───── Information shown
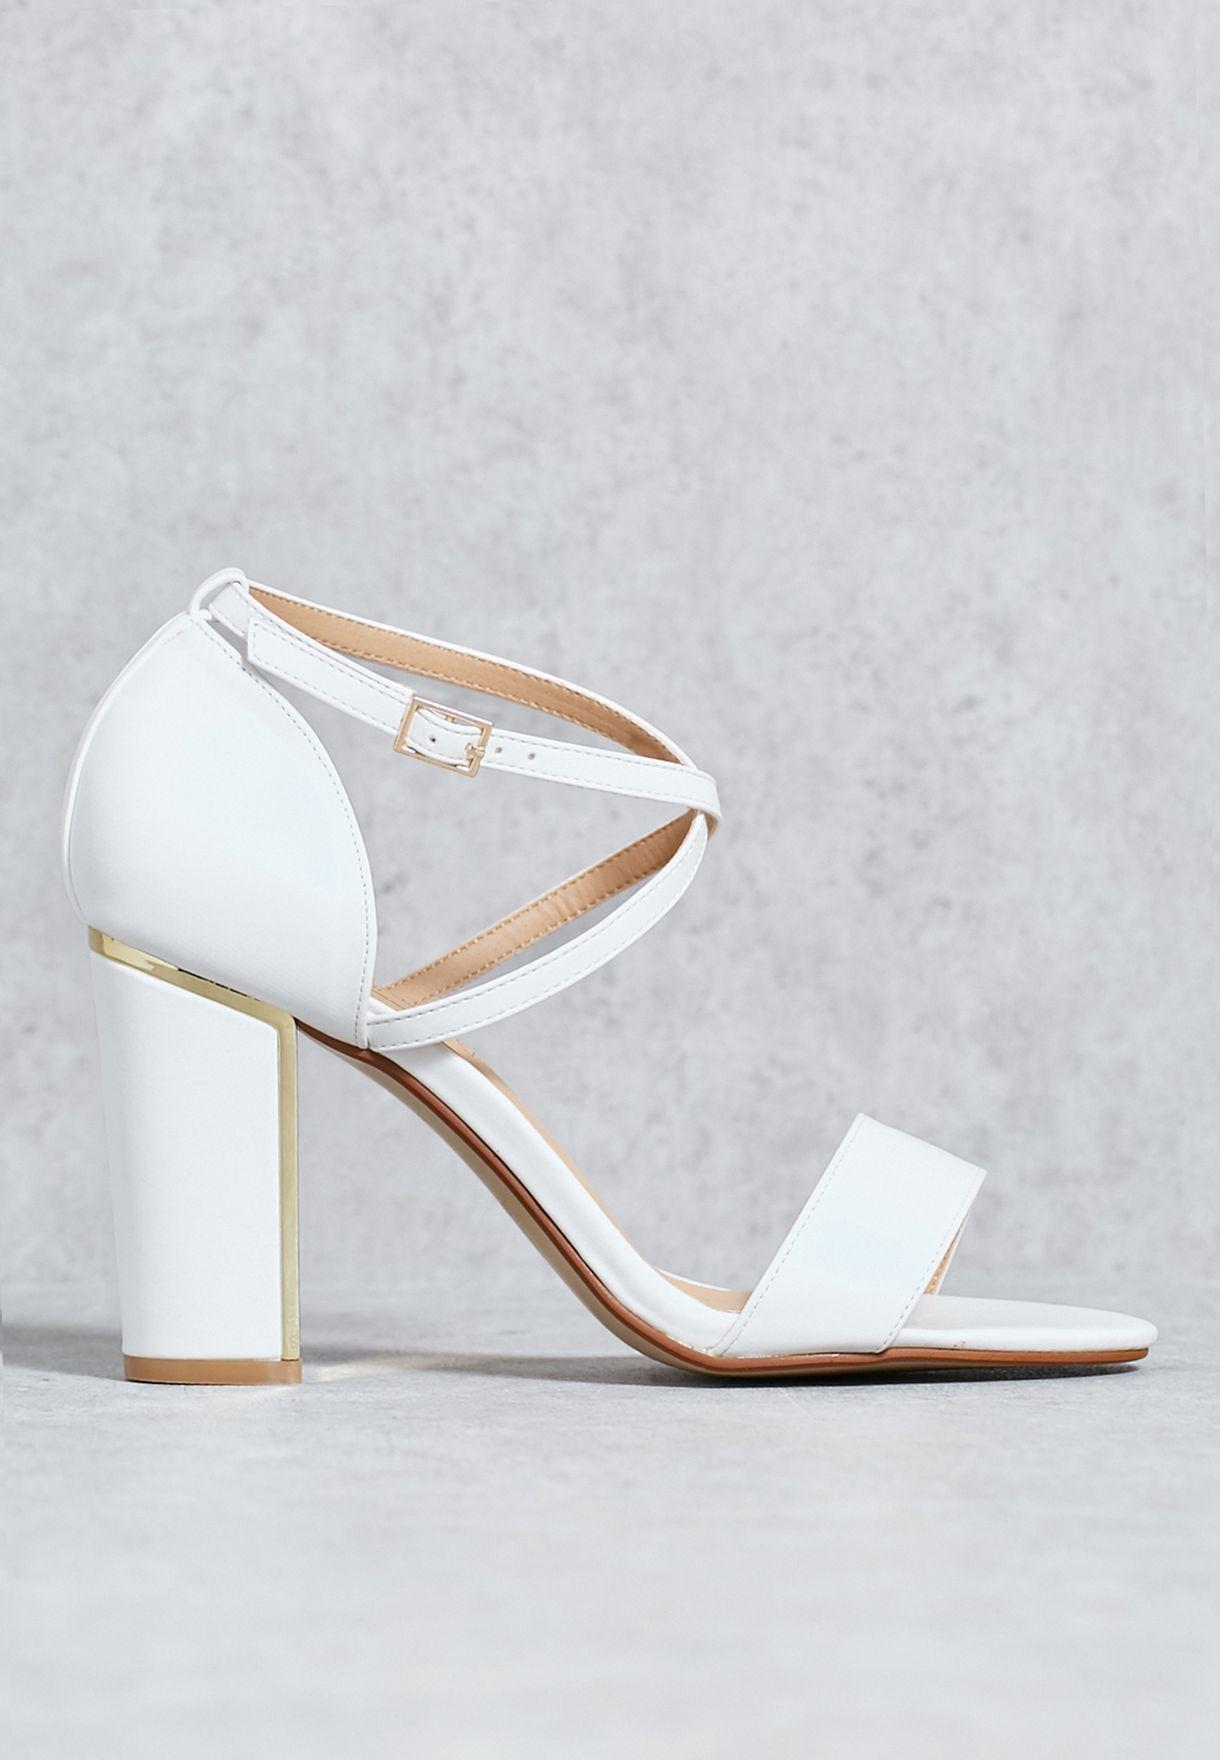 39c766db67 Shop Truffle white Block heel sandal FALLON2/B for Women in Oman ...
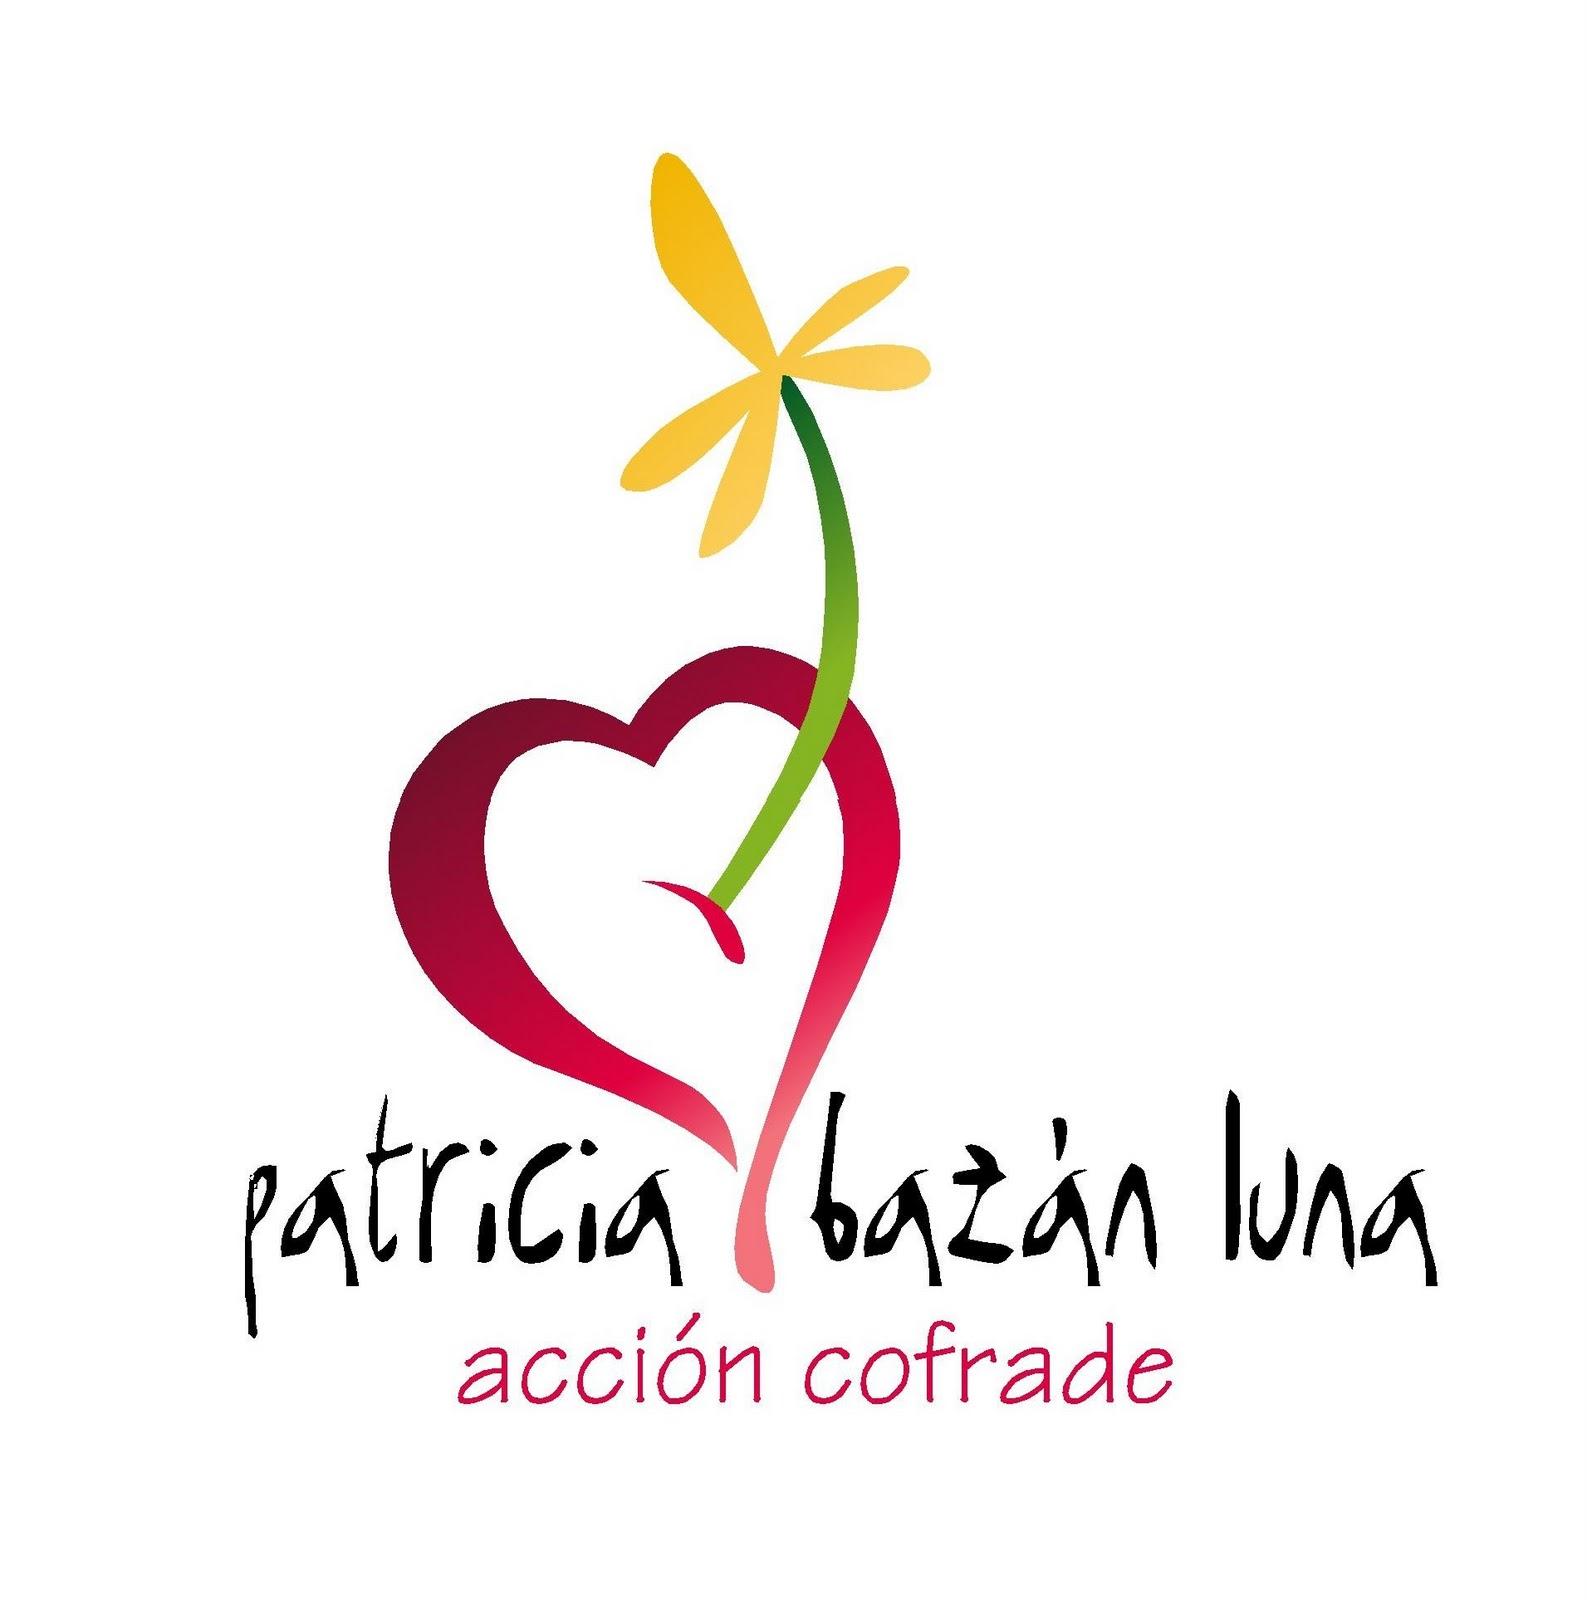 LOGO -PATRICIA BAZAN LUNA-11-10-2011
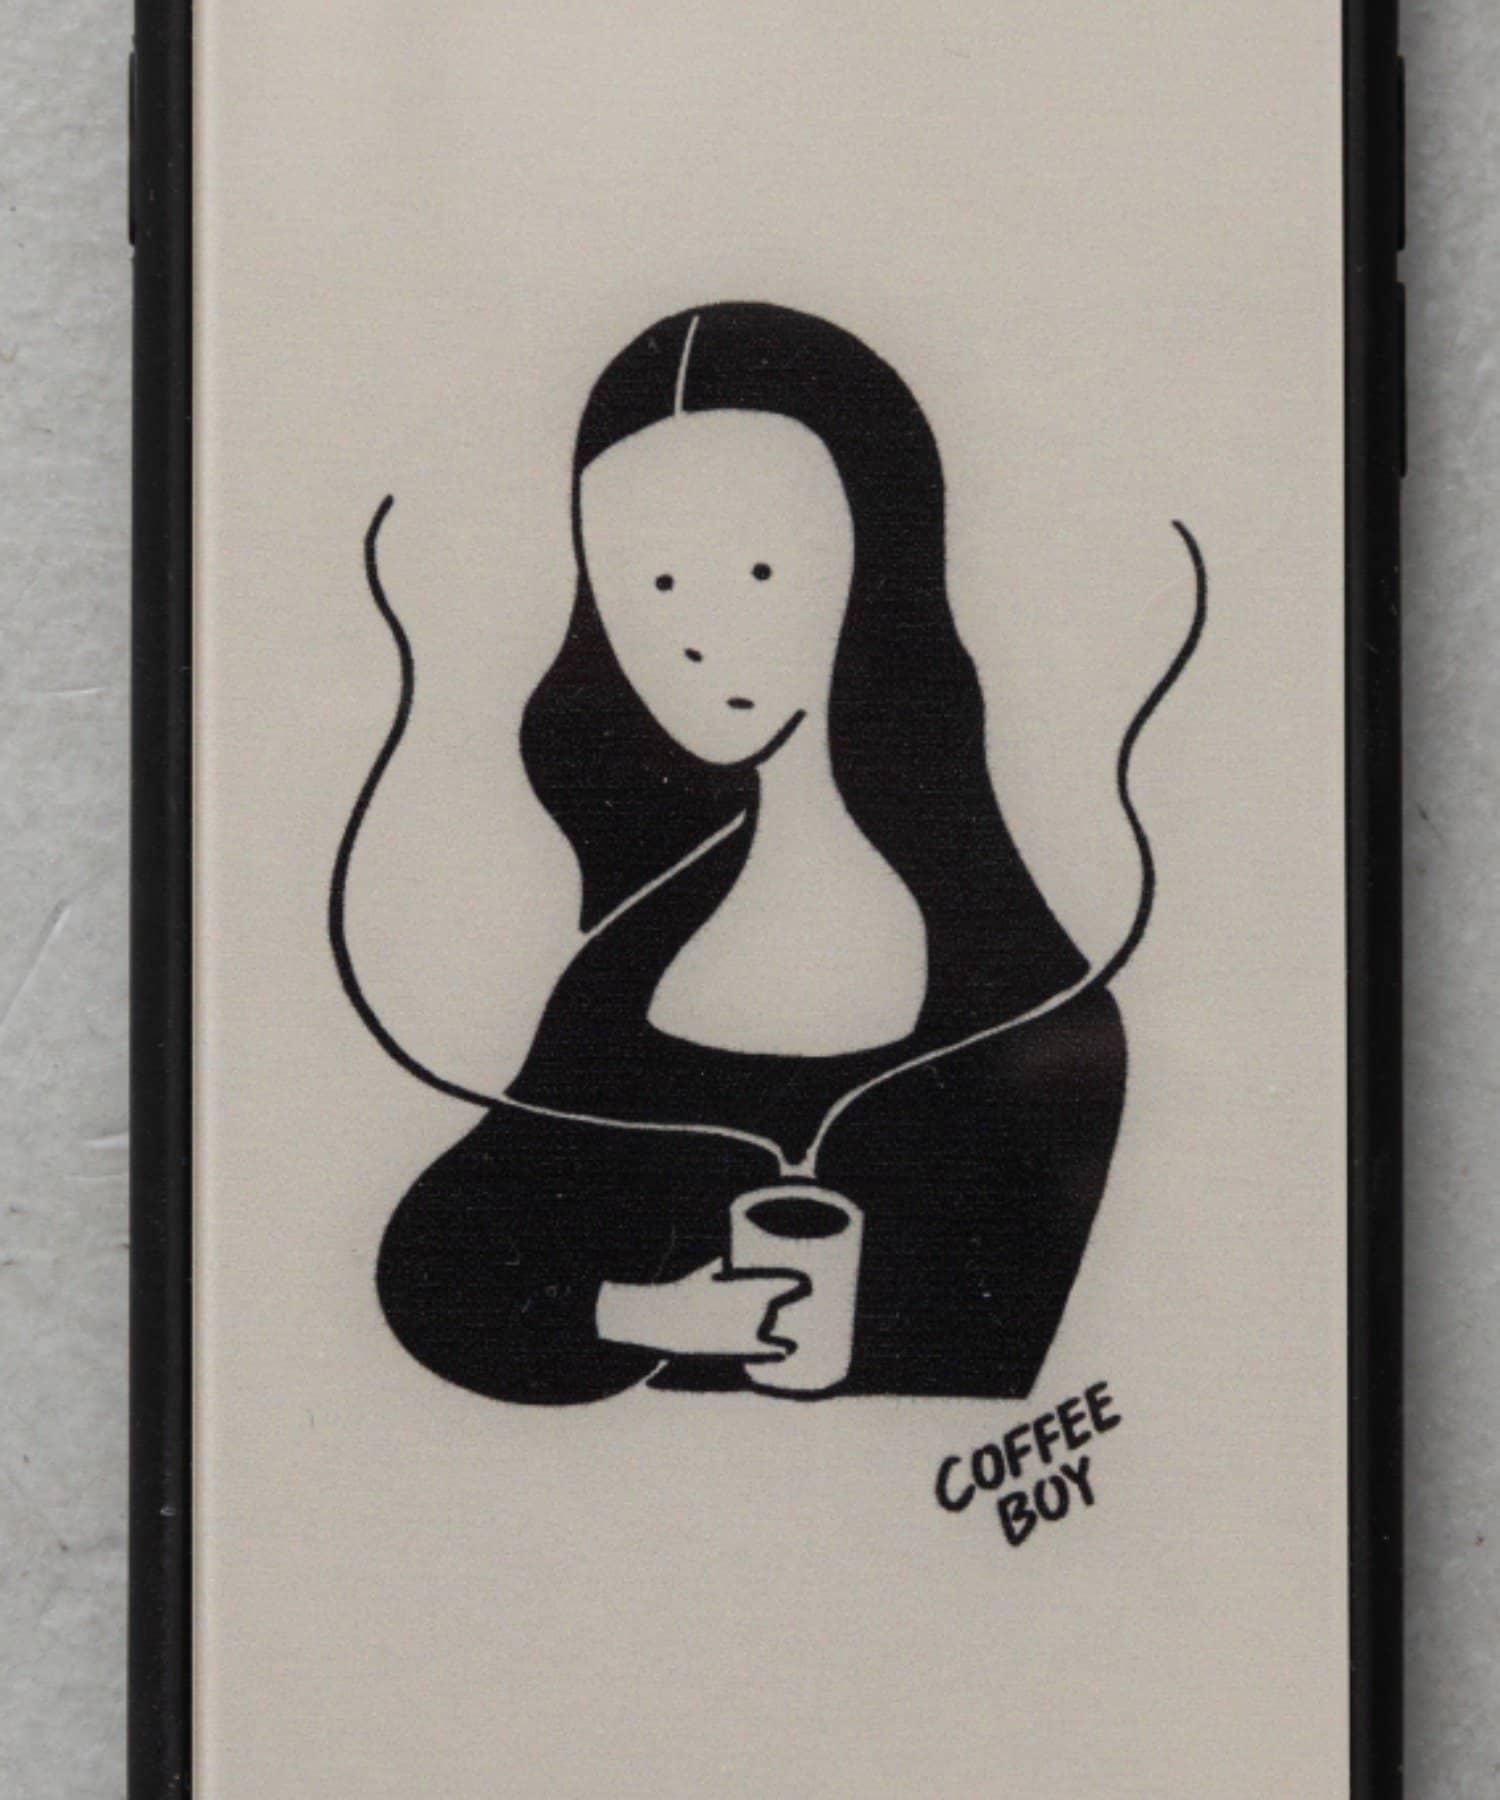 BIRTHDAY BAR(バースデイバー) レディース 【受注予約】COFFEE BOY iPhoneケース ベージュ系その他
──────────
▸ **Task statement**
All of the material above should be set down again exactly, though not its pictures.

▸ **Completed exercise**
 39c766db67 Shop Truffle white Block heel sandal FALLON2/B for Women in Oman ...
 LOGO -PATRICIA BAZAN LUNA-11-10-2011
 BIRTHDAY BAR(バースデイバー) レディース 【受注予約】COFFEE BOY iPhoneケース ベージュ系その他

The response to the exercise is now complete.